## Source data
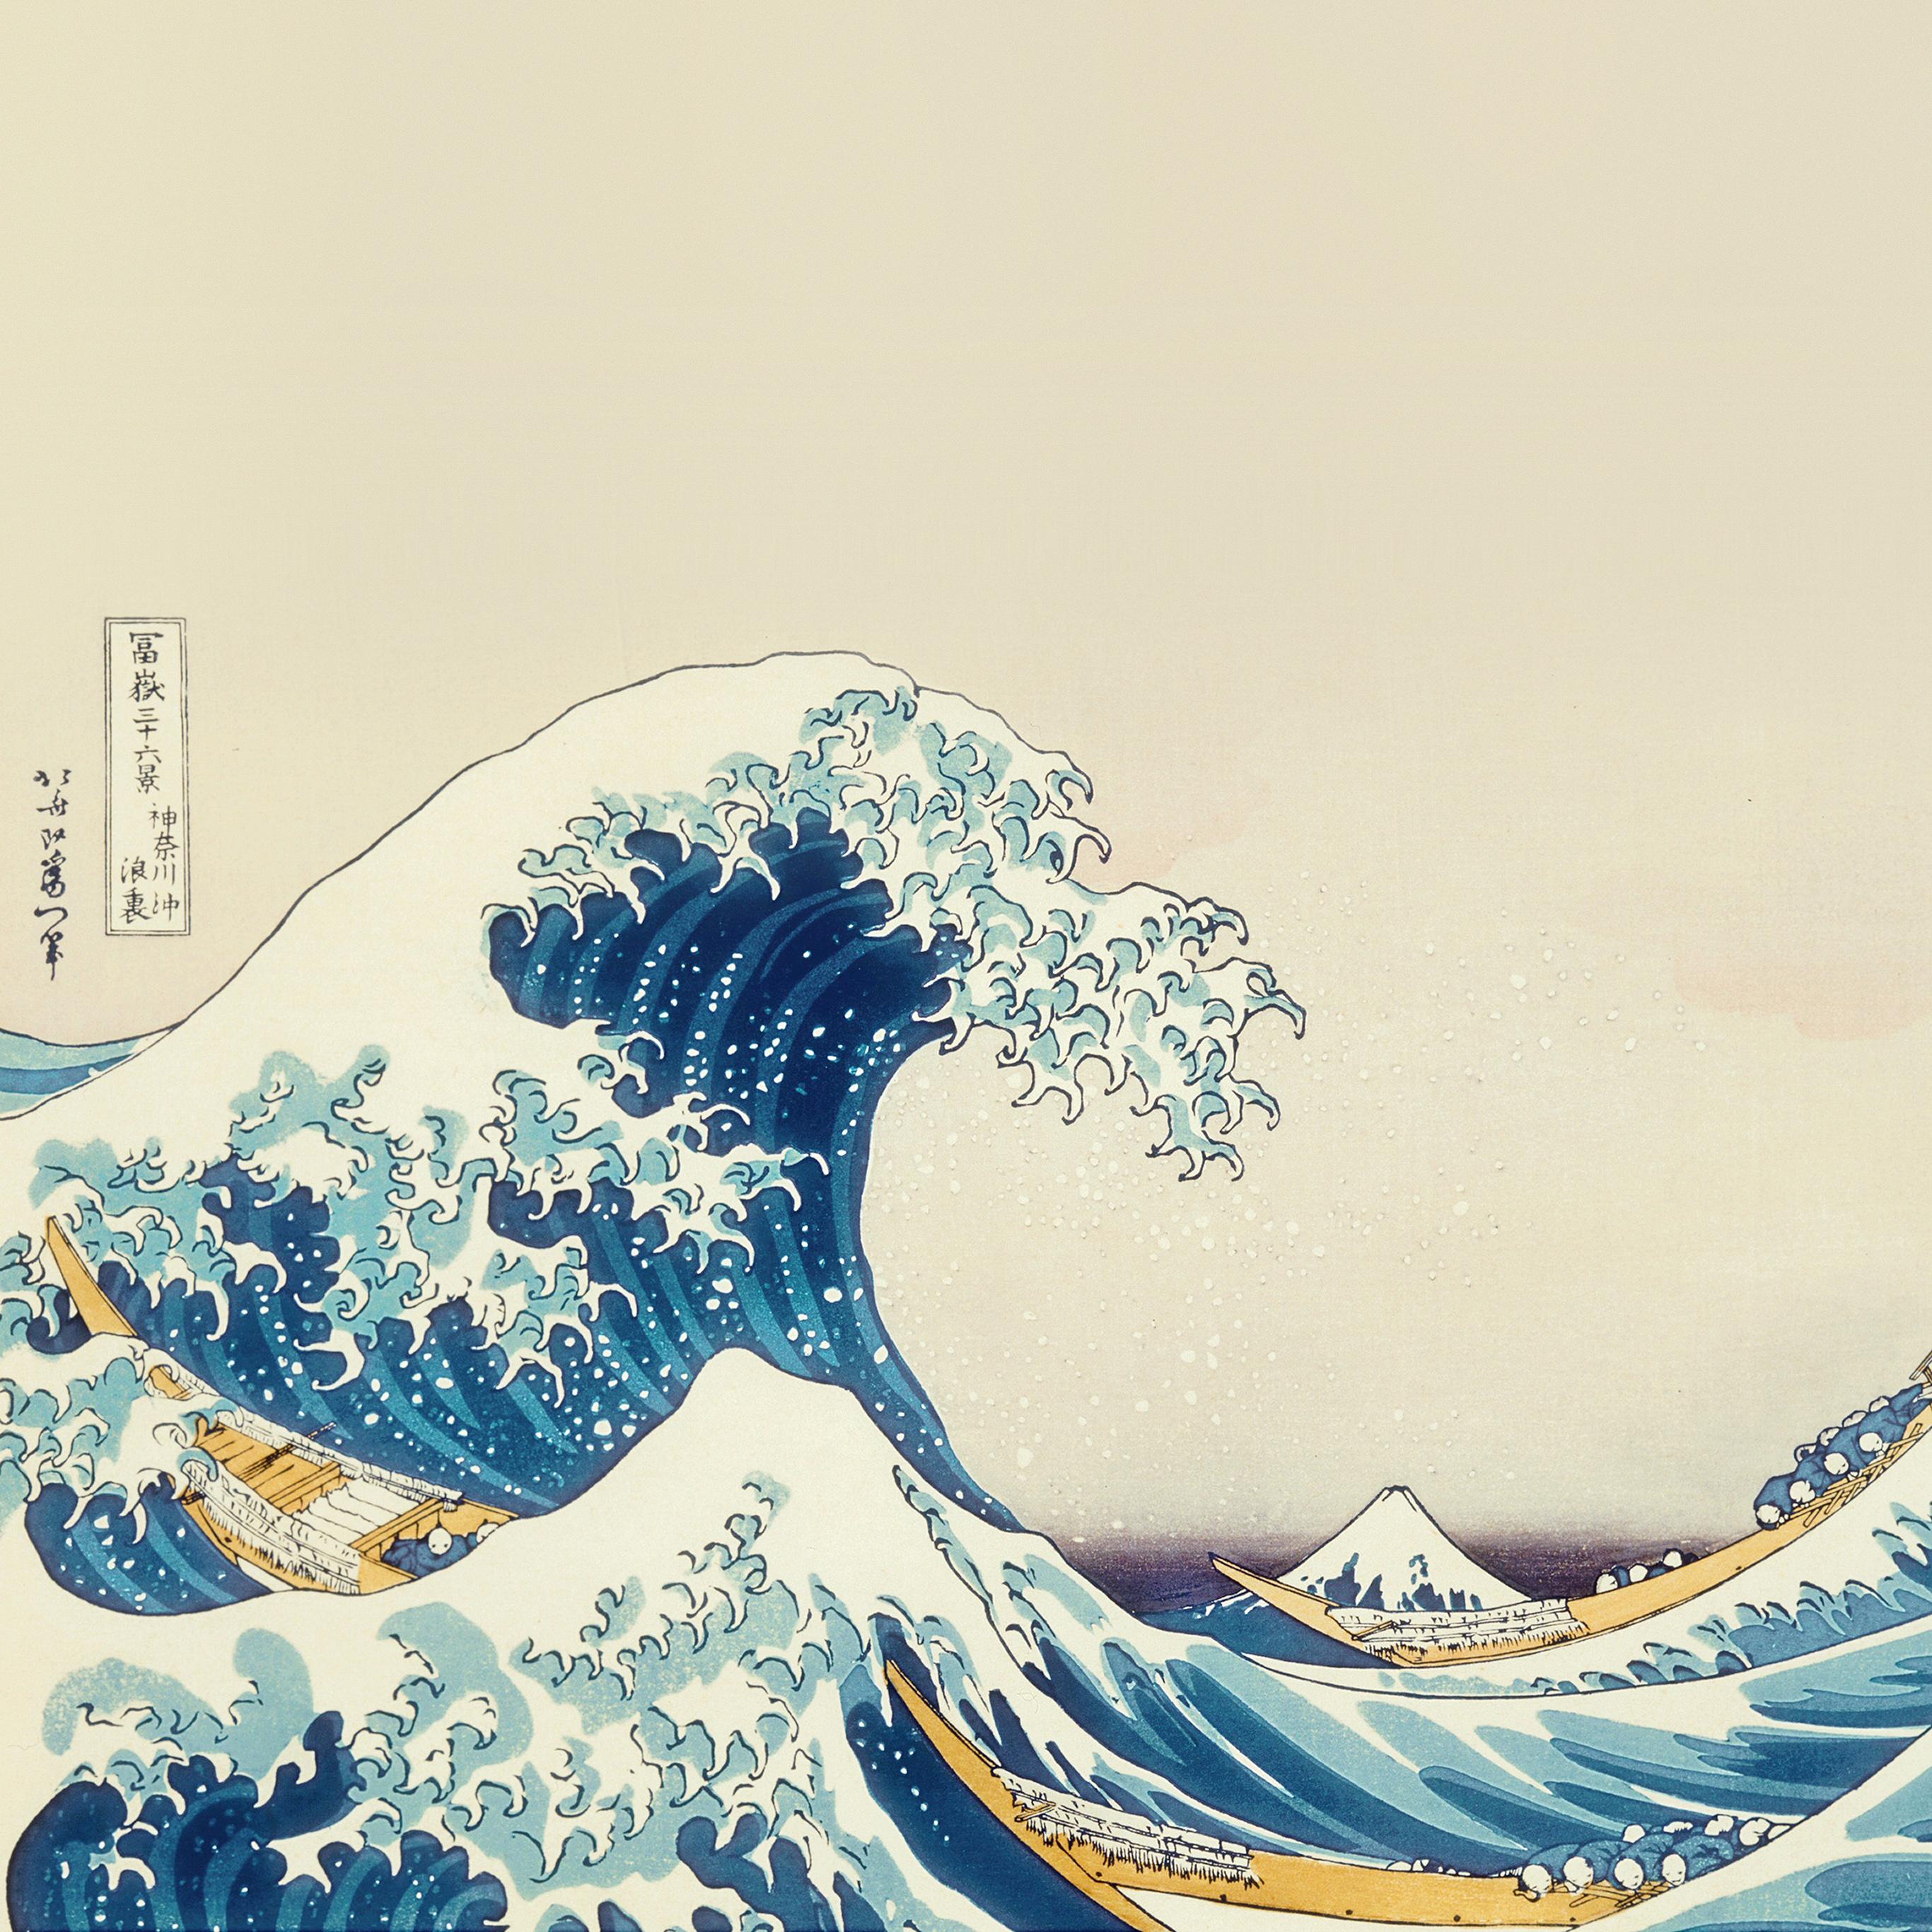 An25 wave art hokusai japanese paint illust classic papers ipad pro ipad retina gumiabroncs Image collections
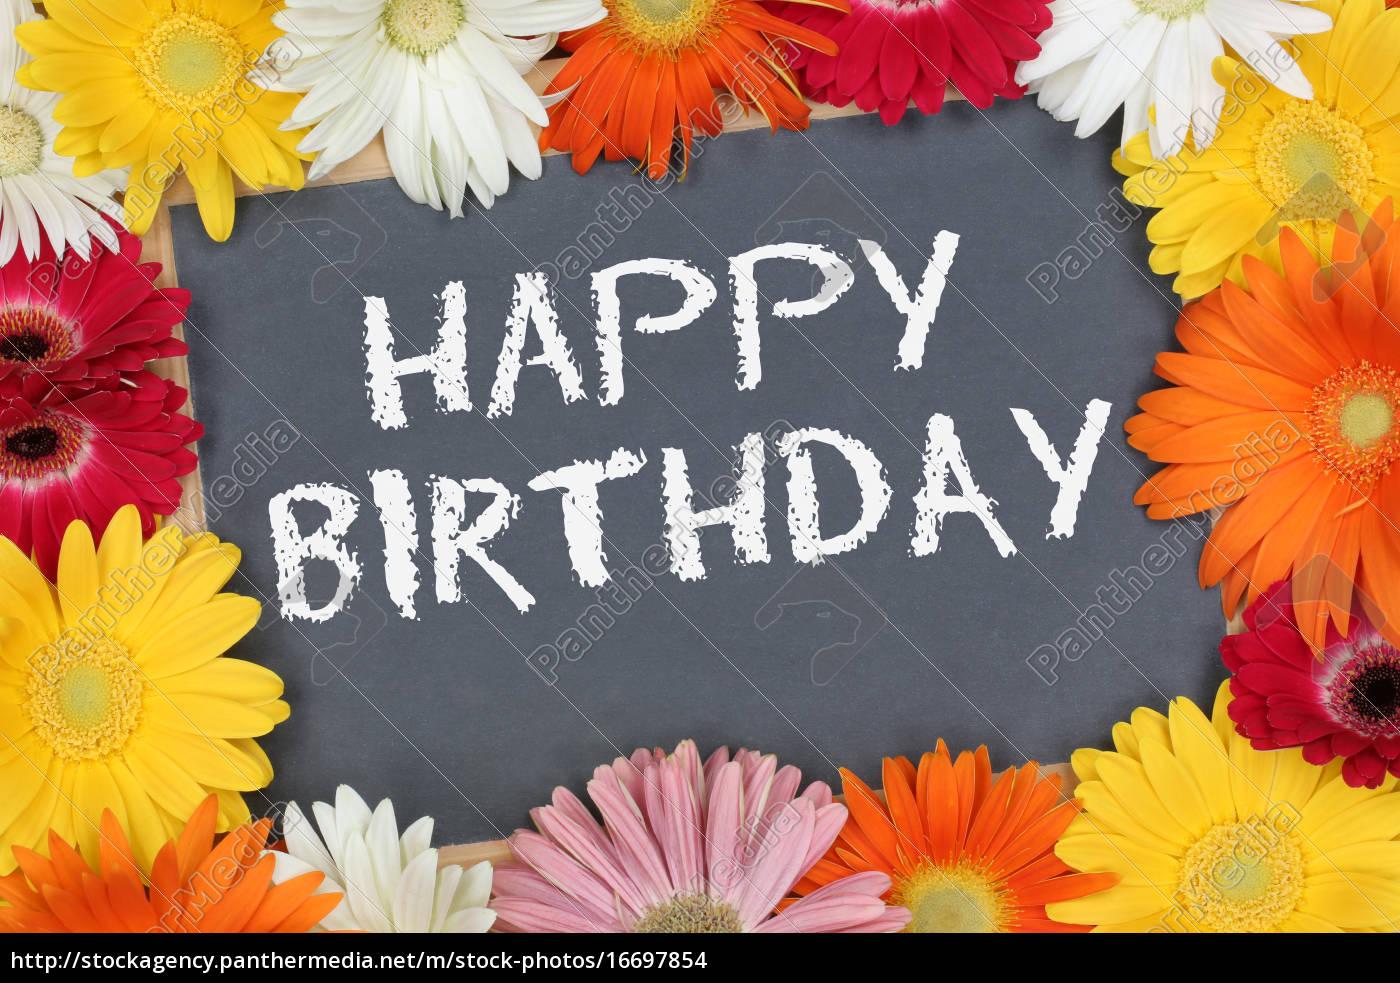 Geburtstagswünsche Karte Geburtstag.Stock Bild 16697854 Happy Birthday Geburtstag Karte Geburtstagskarte Mit Bunten
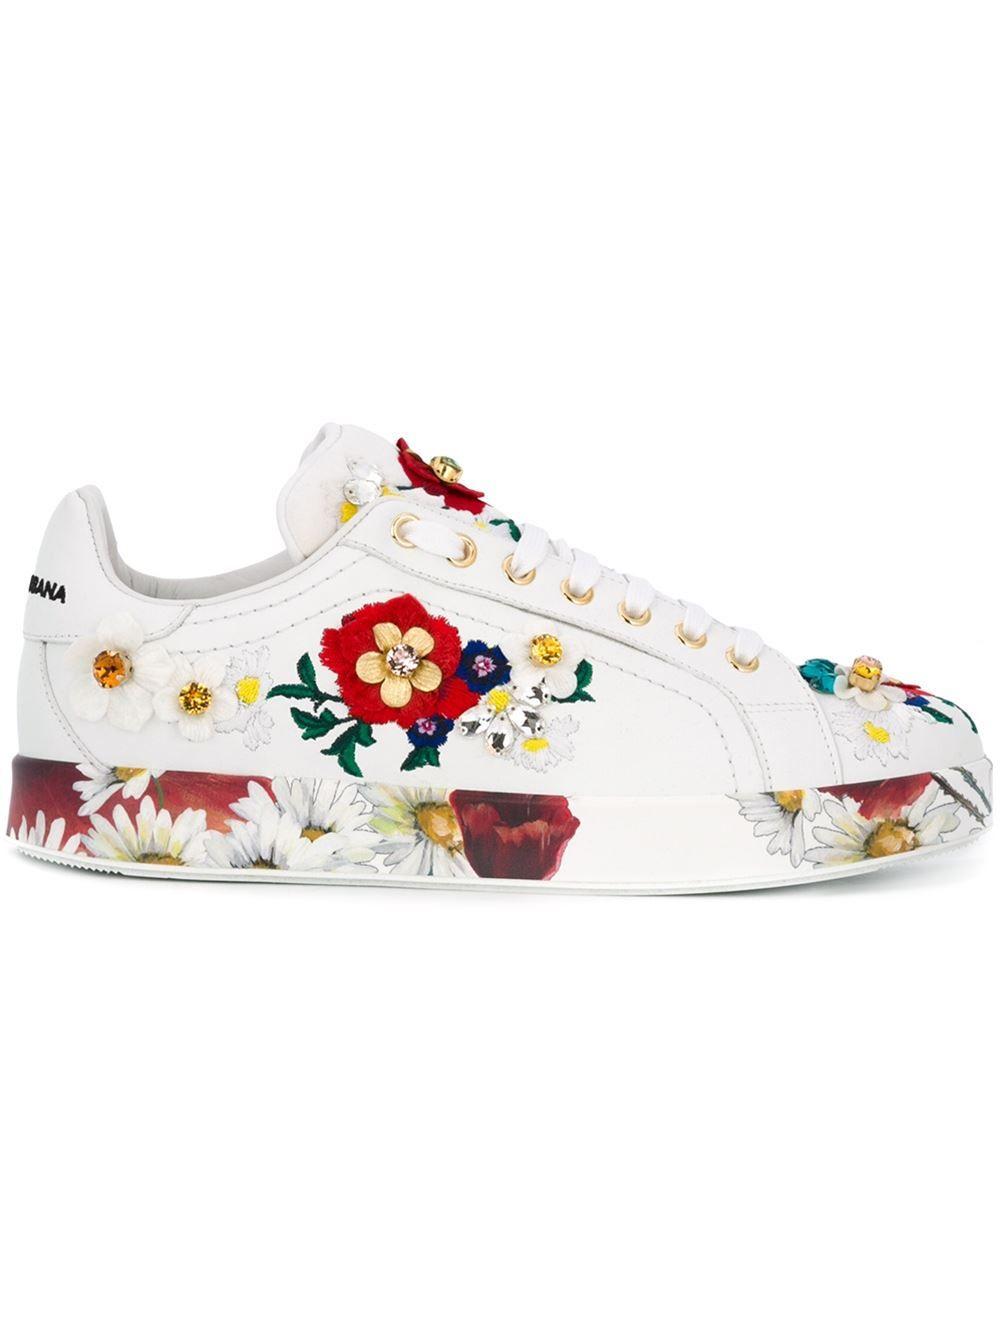 Blanc Chaussures Dolce & Gabbana Femmes CSrrs7
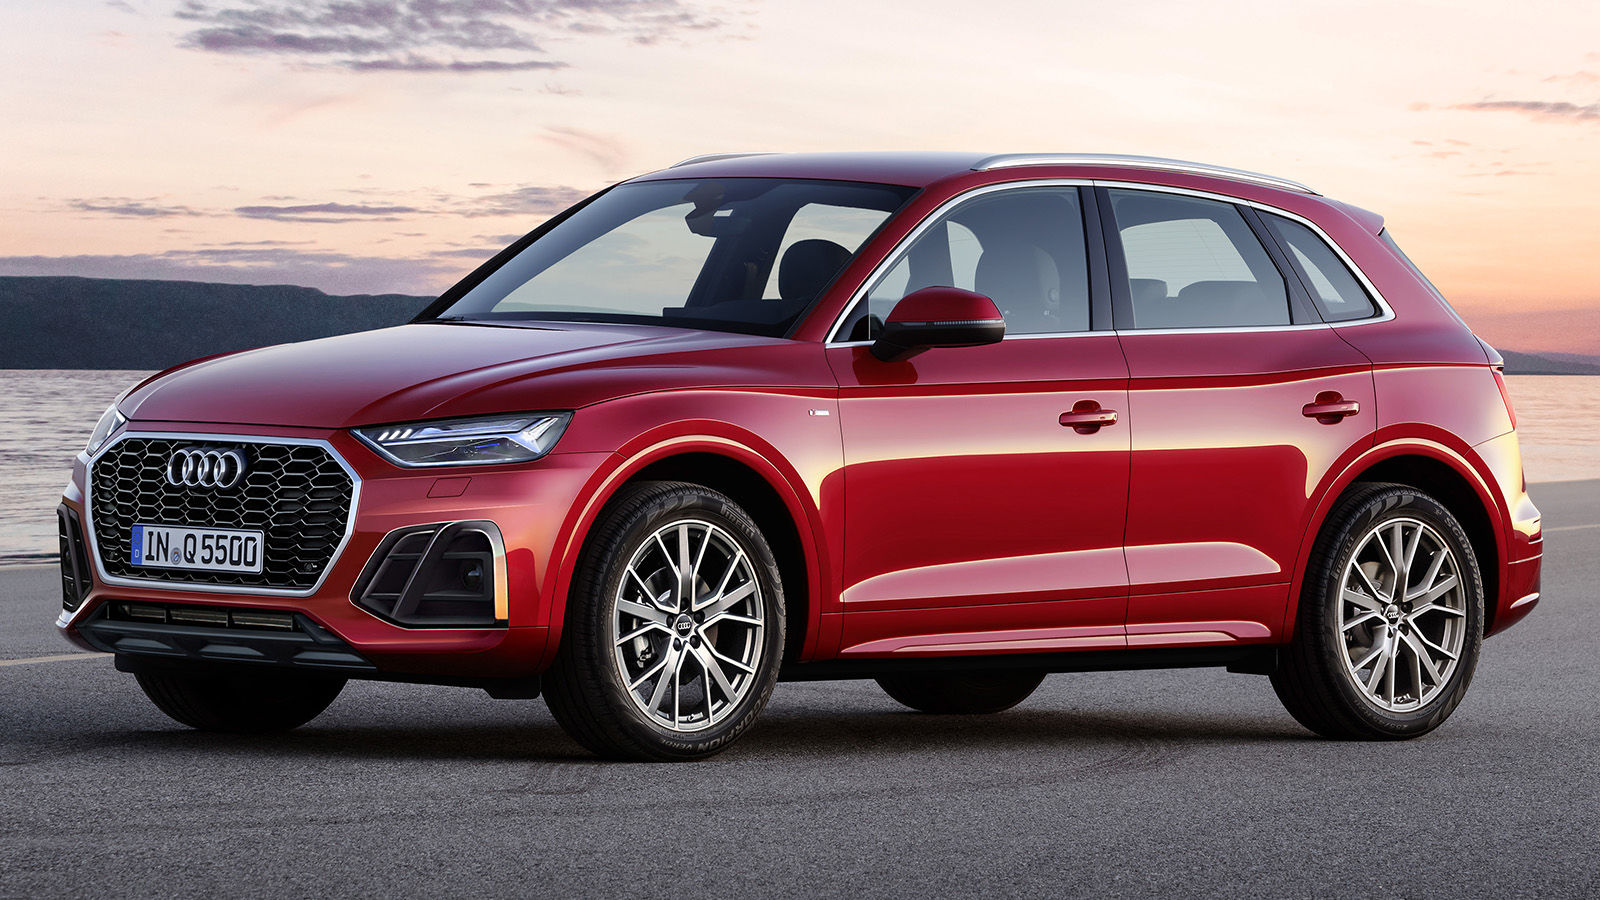 Audi Q5 Facelift 2020 Neuvorstellung Skizze Suv Infos Auto Bild

## Goal of the exercise
Leave the pictures out and copy the rest of the data exactly.

## Finished task
 An25 wave art hokusai japanese paint illust classic papers ipad pro ipad retina gumiabroncs Image collections
 Geburtstagswünsche Karte Geburtstag.Stock Bild 16697854 Happy Birthday Geburtstag Karte Geburtstagskarte Mit Bunten
 Blanc Chaussures Dolce & Gabbana Femmes CSrrs7
 Audi Q5 Facelift 2020 Neuvorstellung Skizze Suv Infos Auto Bild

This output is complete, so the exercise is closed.